A research team led by Professor Park Sang-Hyun of the department of robotics and mechatronics engineering (also in charge of the Artificial Intelligence major) at DGIST (President Kuk Yang) developed a weakly supervised deep learning model that can accurately show the presence and location of cancer in pathological images based only on data where the cancer is present.
Existing deep learning models needed to construct a dataset, in which the location of the cancer was accurately drawn, to specify the cancer site.
The deep learning model developed in this study improved efficiency and is expected to make significant contribution to the relevant research field.
Generally, it is necessary to accurately mark the location of the cancer site to solve the problems involved with zoning that indicates the location information of cancer, which takes a long time and therefore increased cost.
To solve this problem, the weakly supervised learning model that zones cancer sites with only rough data such as 'whether the cancer in the image is present or not' is under active study.
However, it would significantly deteriorate the performance if the existing weakly supervised learning model is applied to a huge pathological image dataset where the size of one image is as large as a few gigabytes.
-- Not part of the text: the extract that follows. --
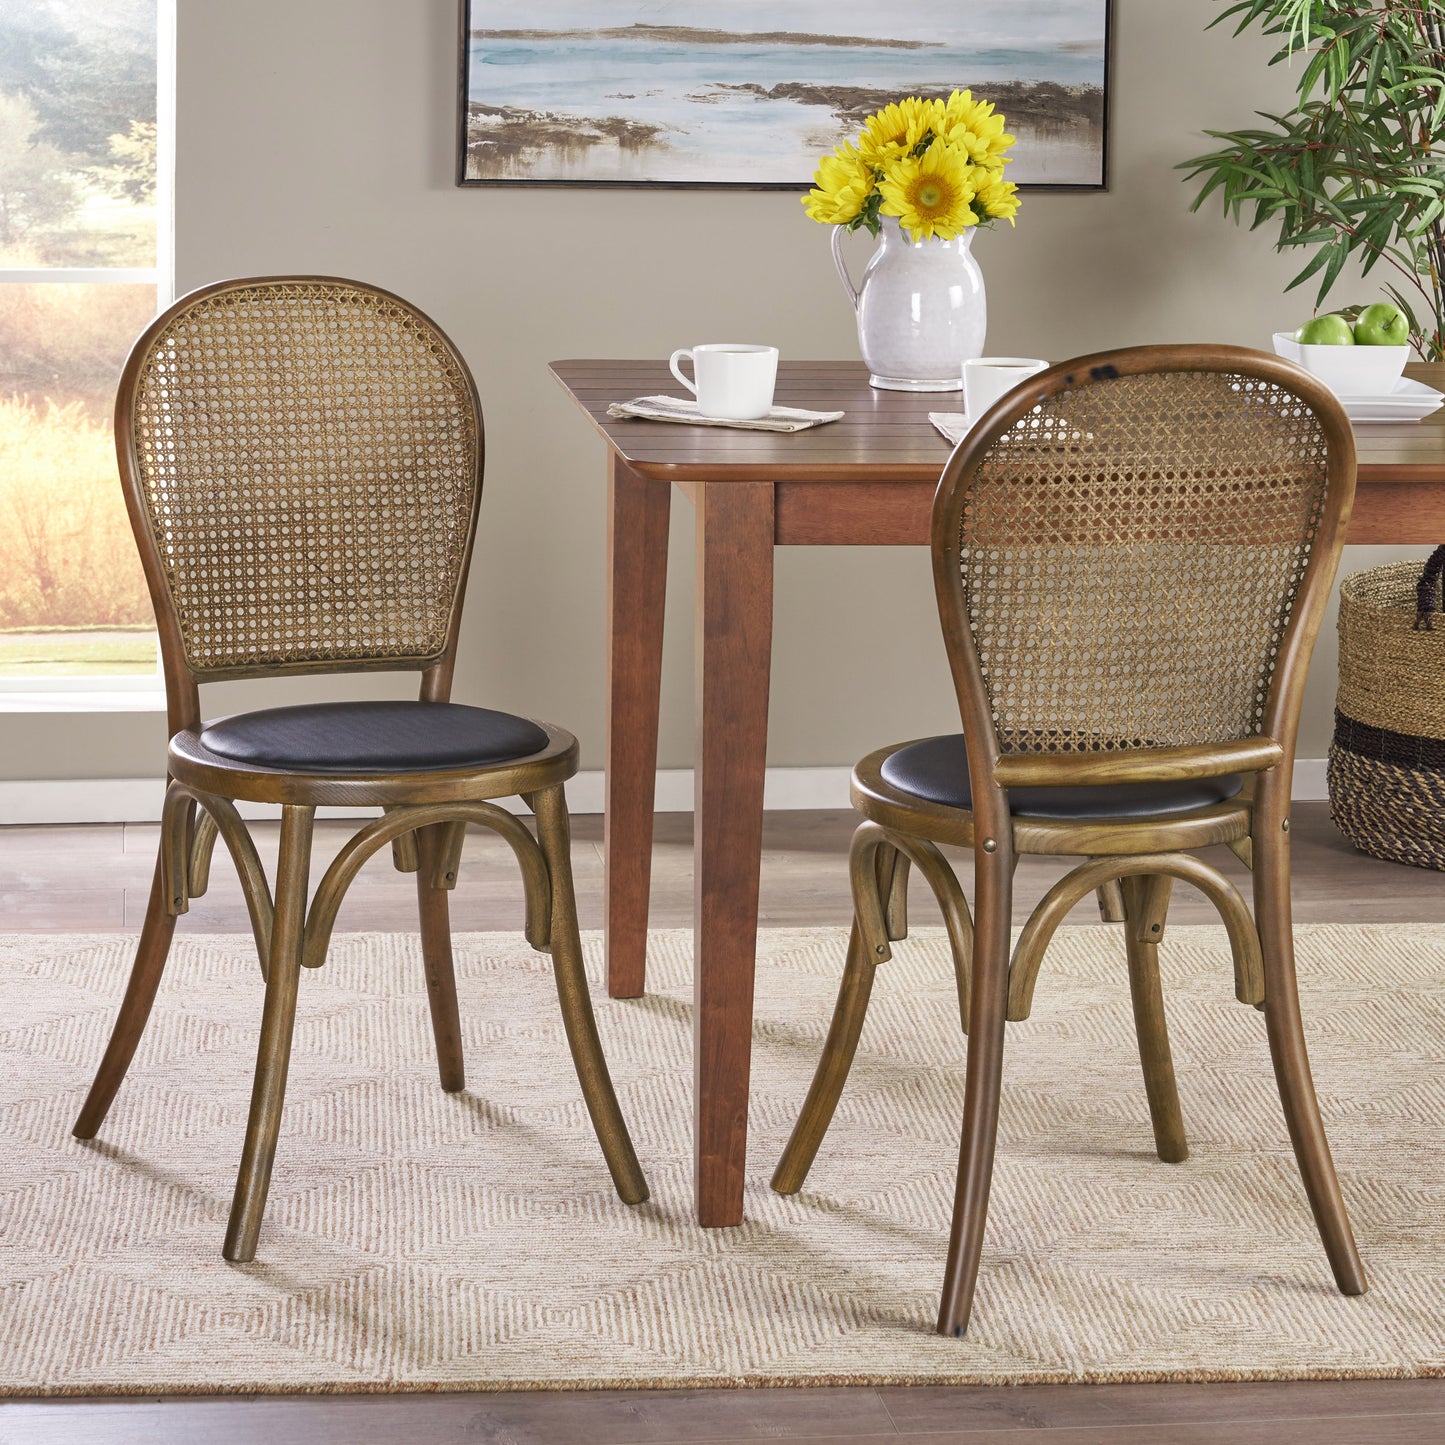 Emerys Wooden Cane Back Dining Chair (Set of 2)

To solve this problem, researchers attempted to improve performance by dividing the pathological image into patches, but the divided patches lose the correlation between the location information and each split data, which means that there is a limit to using all of the available information.
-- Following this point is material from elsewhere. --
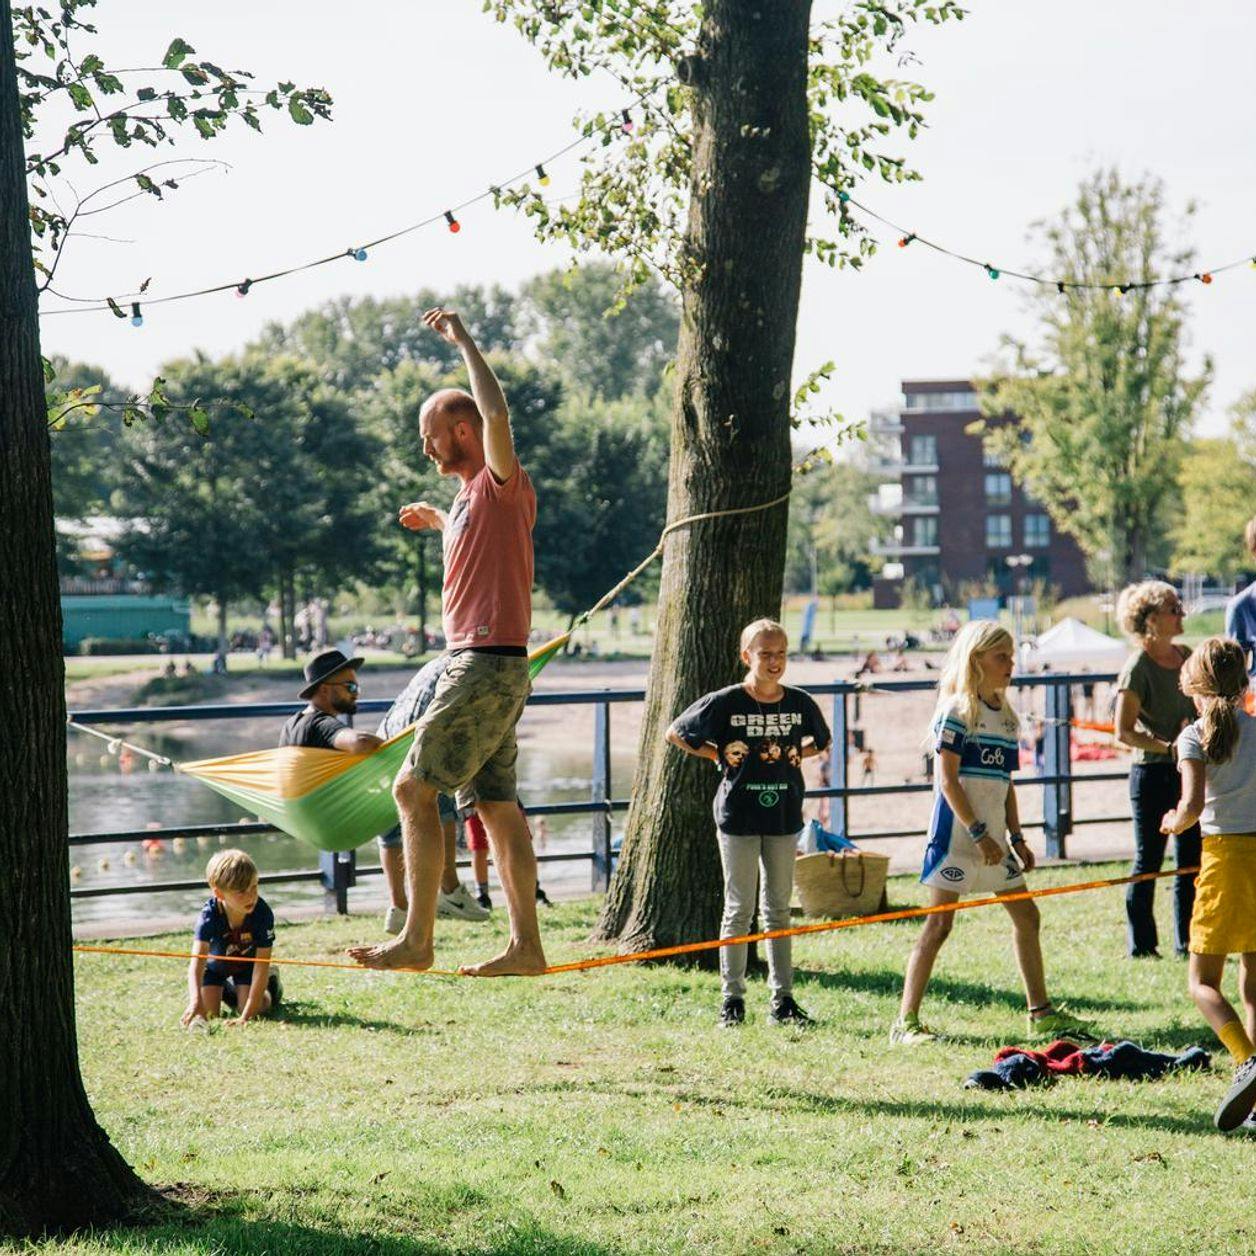 Kids playing at West Beach, Sloterplas during 24H Nieuw-West.

In response, Professor Park Sang-Hyun's research team discovered a technique of segmenting down to the cancer site solely based on the learned data indicating the presence of cancer by slide.
The team developed a pathological image compression technology that first teaches the network to effectively extract significant features from the patches through unsupervised contrastive learning and uses this to detect the main features while maintaining each location information to reduce the size of the image while maintaining the correlation between the patches.
Later, the team developed a model that can find the region that are highly likely to have cancer from the compressed pathology images by using a class activation map and zone all of the regions that are highly likely to have cancer from the entire pathology images using a pixel correlation module (PCM).
The newly developed deep learning model showed a dice similarity coefficient (DSC) score of up to 81 - 84 only with the learning data with slide-level cancer labels in the cancer zoning problem.
It significantly exceeded the performance of previously proposed patch level methods or other weakly supervised learning techniques (DSC score: 20 - 70).
“The model developed through this study has greatly improved the performance of weakly supervised learning of pathological images, and it is expected to contribute to improving the efficiency of various studies requiring pathological image analysis,” said Professor Park Sang-Hyeon Park who added, “If we can improve the related technology further in the future, it will be possible to use it universally for various medical image zoning issues.”
Meanwhile, the results of this study were recognised for its excellence and were published in MediIA, (Medical Image Analysis Journal).